# [EXERCISE DIRECTIONS]
From the records below, copy out exactly the lines from the one containing "The Angels’ Lt." to the one containing "Functions & Bi-Directional Controls", both included. Add nothing else.

>>>

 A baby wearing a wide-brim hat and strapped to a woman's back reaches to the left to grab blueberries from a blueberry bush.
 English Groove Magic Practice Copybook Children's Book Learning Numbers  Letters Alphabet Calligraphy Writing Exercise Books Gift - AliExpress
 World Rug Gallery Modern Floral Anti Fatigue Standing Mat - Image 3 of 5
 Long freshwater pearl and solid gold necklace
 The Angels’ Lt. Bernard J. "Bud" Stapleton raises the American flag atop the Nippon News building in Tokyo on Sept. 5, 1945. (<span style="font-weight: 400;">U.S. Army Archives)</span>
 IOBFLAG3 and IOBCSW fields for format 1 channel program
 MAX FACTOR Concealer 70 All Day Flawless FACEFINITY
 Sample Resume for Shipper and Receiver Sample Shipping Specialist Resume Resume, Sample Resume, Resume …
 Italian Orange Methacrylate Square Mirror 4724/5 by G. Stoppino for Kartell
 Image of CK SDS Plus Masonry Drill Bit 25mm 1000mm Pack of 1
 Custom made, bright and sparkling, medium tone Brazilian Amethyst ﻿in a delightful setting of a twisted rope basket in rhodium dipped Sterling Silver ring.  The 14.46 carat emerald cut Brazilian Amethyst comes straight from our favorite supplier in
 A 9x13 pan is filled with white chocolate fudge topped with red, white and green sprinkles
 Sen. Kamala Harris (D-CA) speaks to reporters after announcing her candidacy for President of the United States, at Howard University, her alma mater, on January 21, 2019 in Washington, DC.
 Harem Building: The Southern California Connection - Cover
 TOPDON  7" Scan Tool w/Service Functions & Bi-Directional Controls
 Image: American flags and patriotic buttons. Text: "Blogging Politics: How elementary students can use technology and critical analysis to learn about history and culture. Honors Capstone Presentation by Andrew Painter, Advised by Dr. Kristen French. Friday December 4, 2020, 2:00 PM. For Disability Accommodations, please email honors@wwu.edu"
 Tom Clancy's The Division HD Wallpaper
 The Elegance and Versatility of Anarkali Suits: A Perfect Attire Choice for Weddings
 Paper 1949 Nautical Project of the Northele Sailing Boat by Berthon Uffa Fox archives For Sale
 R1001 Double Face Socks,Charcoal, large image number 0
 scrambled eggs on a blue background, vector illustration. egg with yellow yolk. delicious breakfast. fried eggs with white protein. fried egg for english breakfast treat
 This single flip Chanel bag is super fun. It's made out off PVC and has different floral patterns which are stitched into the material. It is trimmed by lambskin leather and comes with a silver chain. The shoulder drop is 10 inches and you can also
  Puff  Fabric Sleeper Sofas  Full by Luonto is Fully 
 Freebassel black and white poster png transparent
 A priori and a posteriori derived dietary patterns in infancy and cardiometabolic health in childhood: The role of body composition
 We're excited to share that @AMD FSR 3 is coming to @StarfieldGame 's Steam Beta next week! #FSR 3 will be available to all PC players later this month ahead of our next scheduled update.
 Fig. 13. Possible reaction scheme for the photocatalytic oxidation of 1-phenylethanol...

<<<

# [EXERCISE ANSWER]
 The Angels’ Lt. Bernard J. "Bud" Stapleton raises the American flag atop the Nippon News building in Tokyo on Sept. 5, 1945. (<span style="font-weight: 400;">U.S. Army Archives)</span>
 IOBFLAG3 and IOBCSW fields for format 1 channel program
 MAX FACTOR Concealer 70 All Day Flawless FACEFINITY
 Sample Resume for Shipper and Receiver Sample Shipping Specialist Resume Resume, Sample Resume, Resume …
 Italian Orange Methacrylate Square Mirror 4724/5 by G. Stoppino for Kartell
 Image of CK SDS Plus Masonry Drill Bit 25mm 1000mm Pack of 1
 Custom made, bright and sparkling, medium tone Brazilian Amethyst ﻿in a delightful setting of a twisted rope basket in rhodium dipped Sterling Silver ring.  The 14.46 carat emerald cut Brazilian Amethyst comes straight from our favorite supplier in
 A 9x13 pan is filled with white chocolate fudge topped with red, white and green sprinkles
 Sen. Kamala Harris (D-CA) speaks to reporters after announcing her candidacy for President of the United States, at Howard University, her alma mater, on January 21, 2019 in Washington, DC.
 Harem Building: The Southern California Connection - Cover
 TOPDON  7" Scan Tool w/Service Functions & Bi-Directional Controls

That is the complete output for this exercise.